In the domestic business, which accounts for the vast majority of revenue, most product categories produced growth in the quarter. Appliances were the standout, with computing and mobile phones not too far behind.
The bottom line grew even faster than revenue, with non-GAAP earnings per share surging 37% to $0.82. Best Buy's effective tax rate was just 19.2% during the quarter, down from 35.6% in the prior-year period. That tax cut, courtesy of the U.S. tax reform bill passed late last year, was responsible for Best Buy's earnings growth. Share buybacks boosted per-share earnings even further.
What went wrong
The lower tax rate allowed Best Buy to report solid earnings growth despite a slump in its gross margin. Gross margin dropped 0.4 percentage points to 23.3% during the first quarter, the result of rate pressure in the mobile phones business as well as prior-year legal settlement proceeds related to the services business. This gross margin decline was enough to send GAAP operating income down 11.7% year over year.
Another issue with Best Buy's report was its online business. Domestic online sales grew by just 12% year over year, accounting for 13.6% of total revenue. That's down from 22.5% growth in the prior-year period. Higher average order values and higher conversion rates pushed up online sales, but not enough to match last year's performance.
The good news is that Best Buy believes this slowdown was mostly due to the timing of product launches. Both the Nintendo Switch and Samsung Galaxy S8 launched in the first quarter of last year, so Best Buy lapped those launches in the first quarter of this year. Best Buy is still gaining online market share, according to CFO Corie Barry, and the number of customers ordering online and picking up in store is on the rise.

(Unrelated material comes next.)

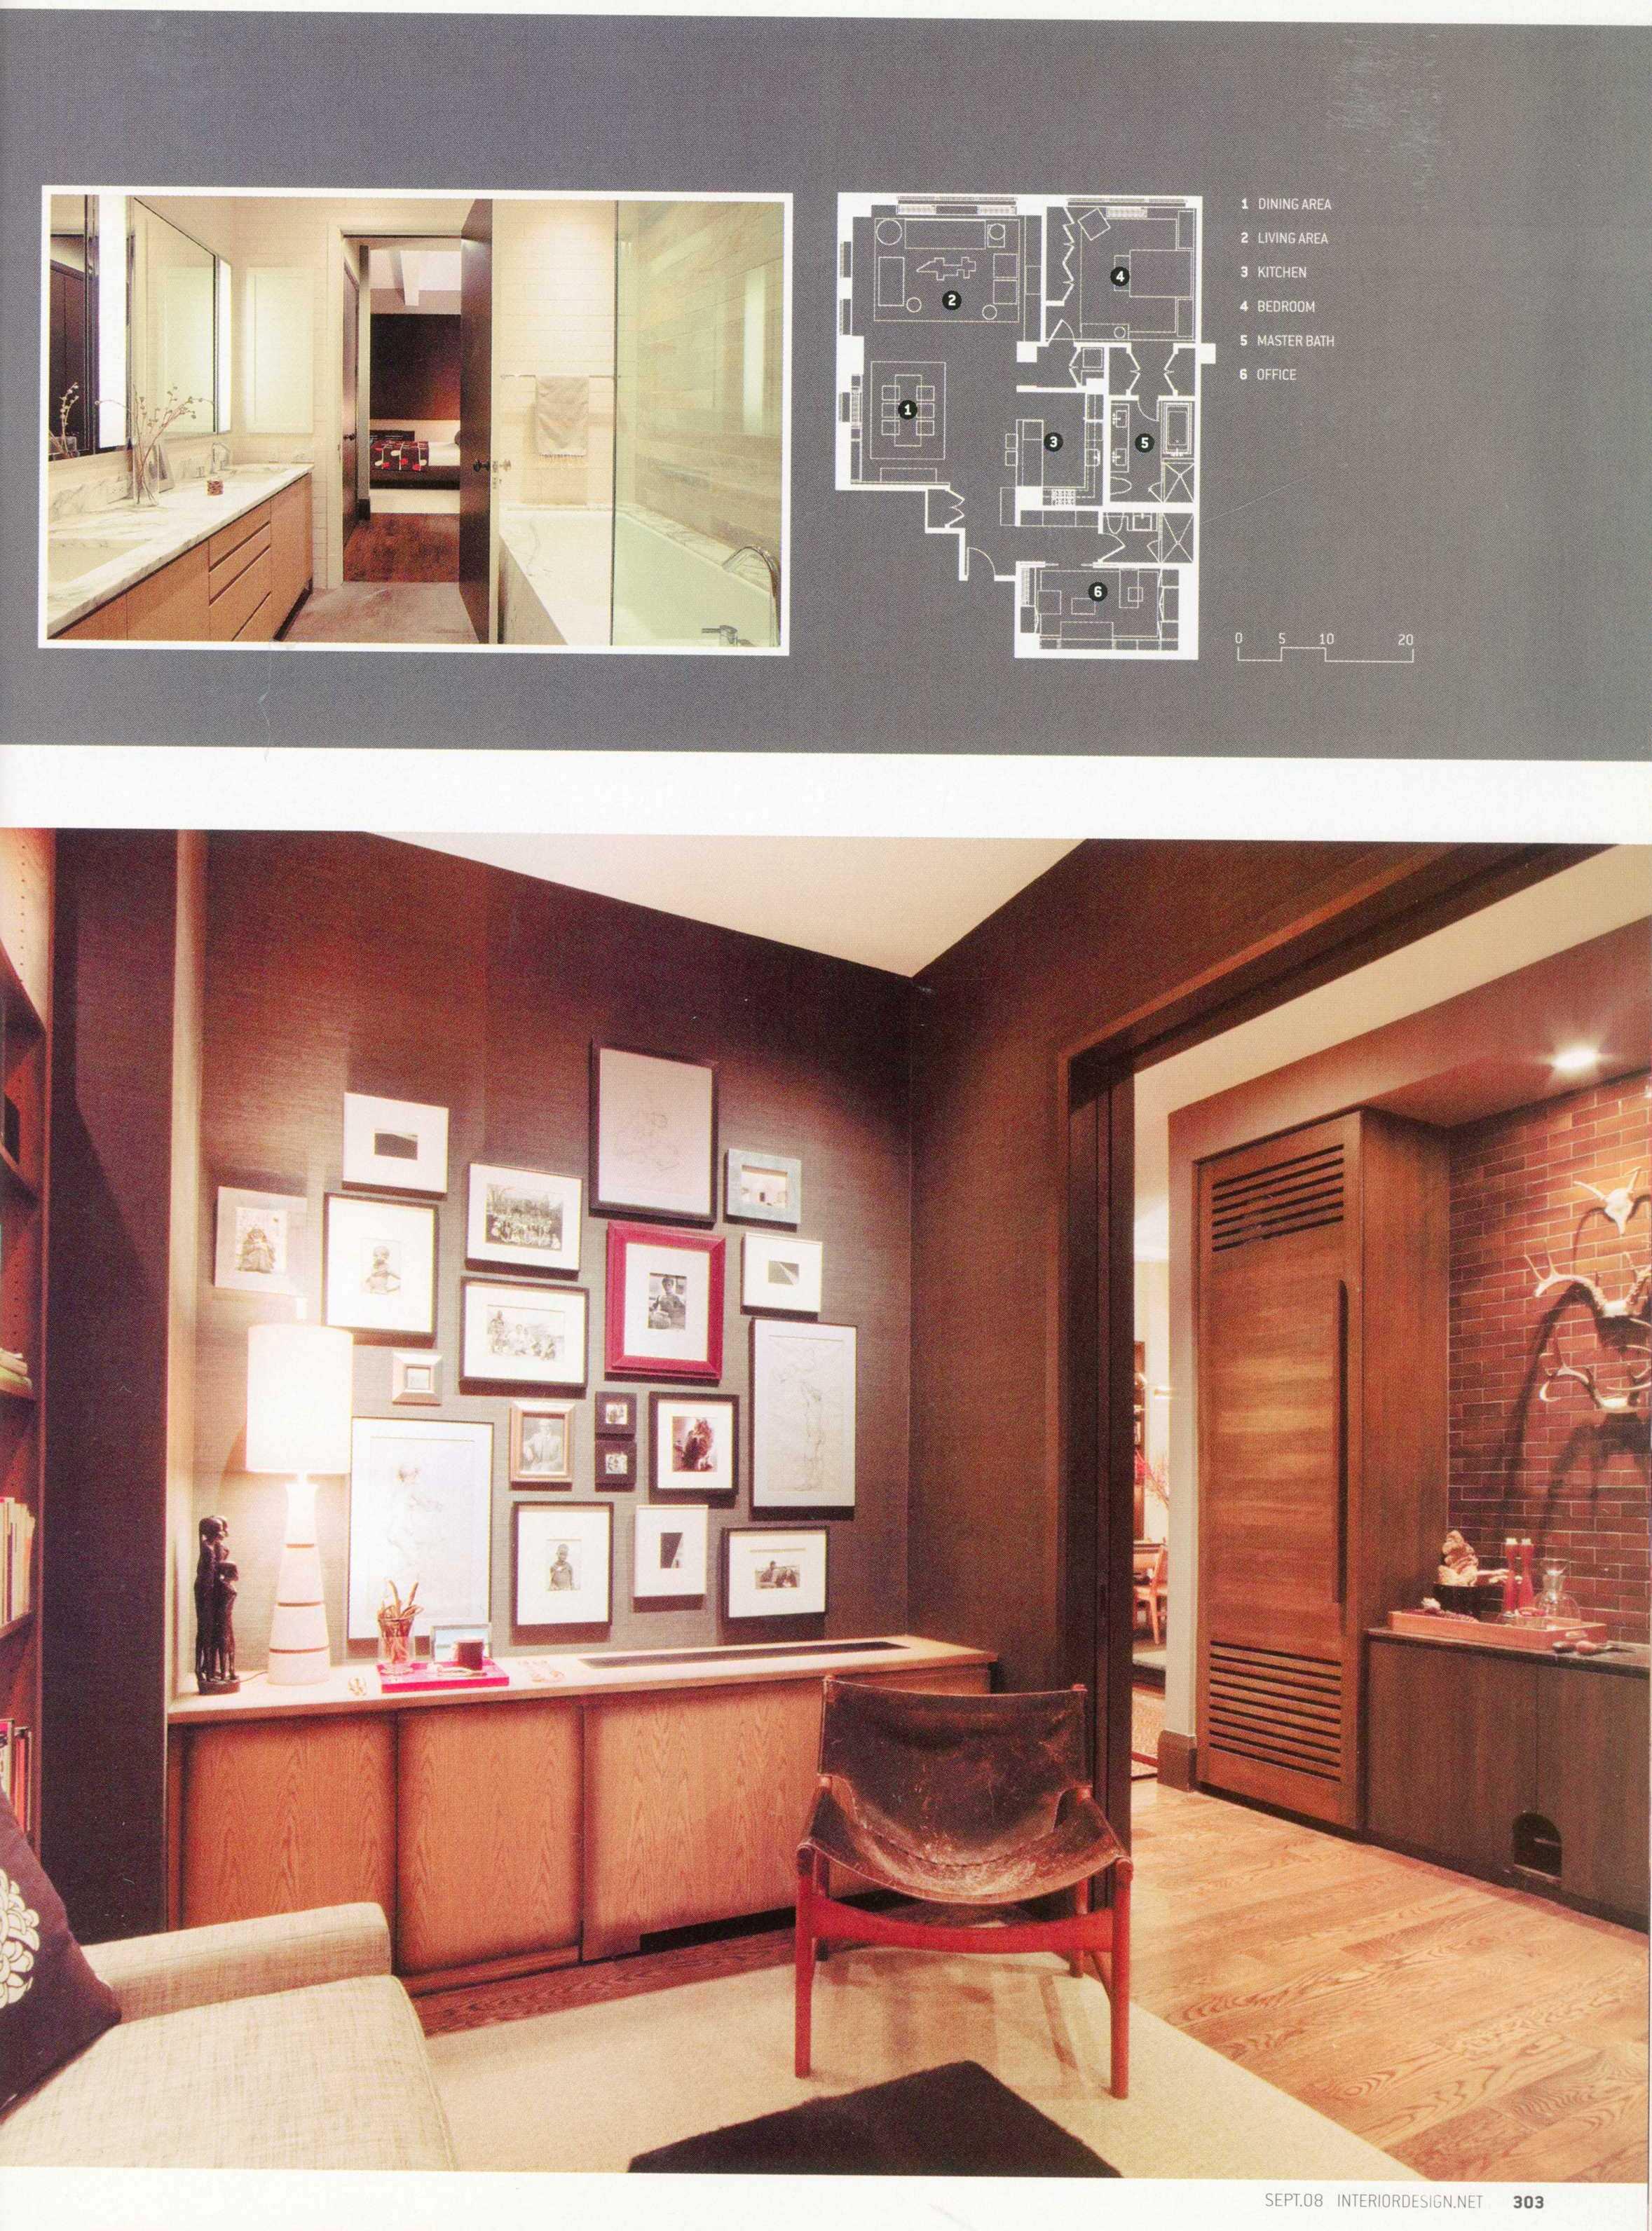 Interior Design_Sept 08_SS Apt_Full Article_Page_9.jpg

Lastly, Best Buy maintained its full-year guidance, calling for comparable-sales growth between 0% and 2%, and non-GAAP EPS growth between 9% and 13%. With such a strong first quarter, Best Buy is either being conservative, or a significant slowdown is coming in the second half of the year.
More good than bad
There's no reason to panic over Best Buy's report. Margins were down, but the company expects its adjusted operating margin to be essentially flat this year, even as it makes investments in its services business. Revenue growth will almost certainly slow down later this year, but the company has long-term growth opportunities in services, smart home products, appliances, and its international business.
Another reason to not worry: Best Buy's balance sheet remains rock-solid, with about $1.3 billion of net cash. This gives Best Buy the resources to make growth investments and the ability to weather any downturns in the future. Best Buy is one of the few large retailers that isn't saddled with a ton of debt.
While the market wasn't thrilled with Best Buy's numbers, shareholders should be mostly happy with the results.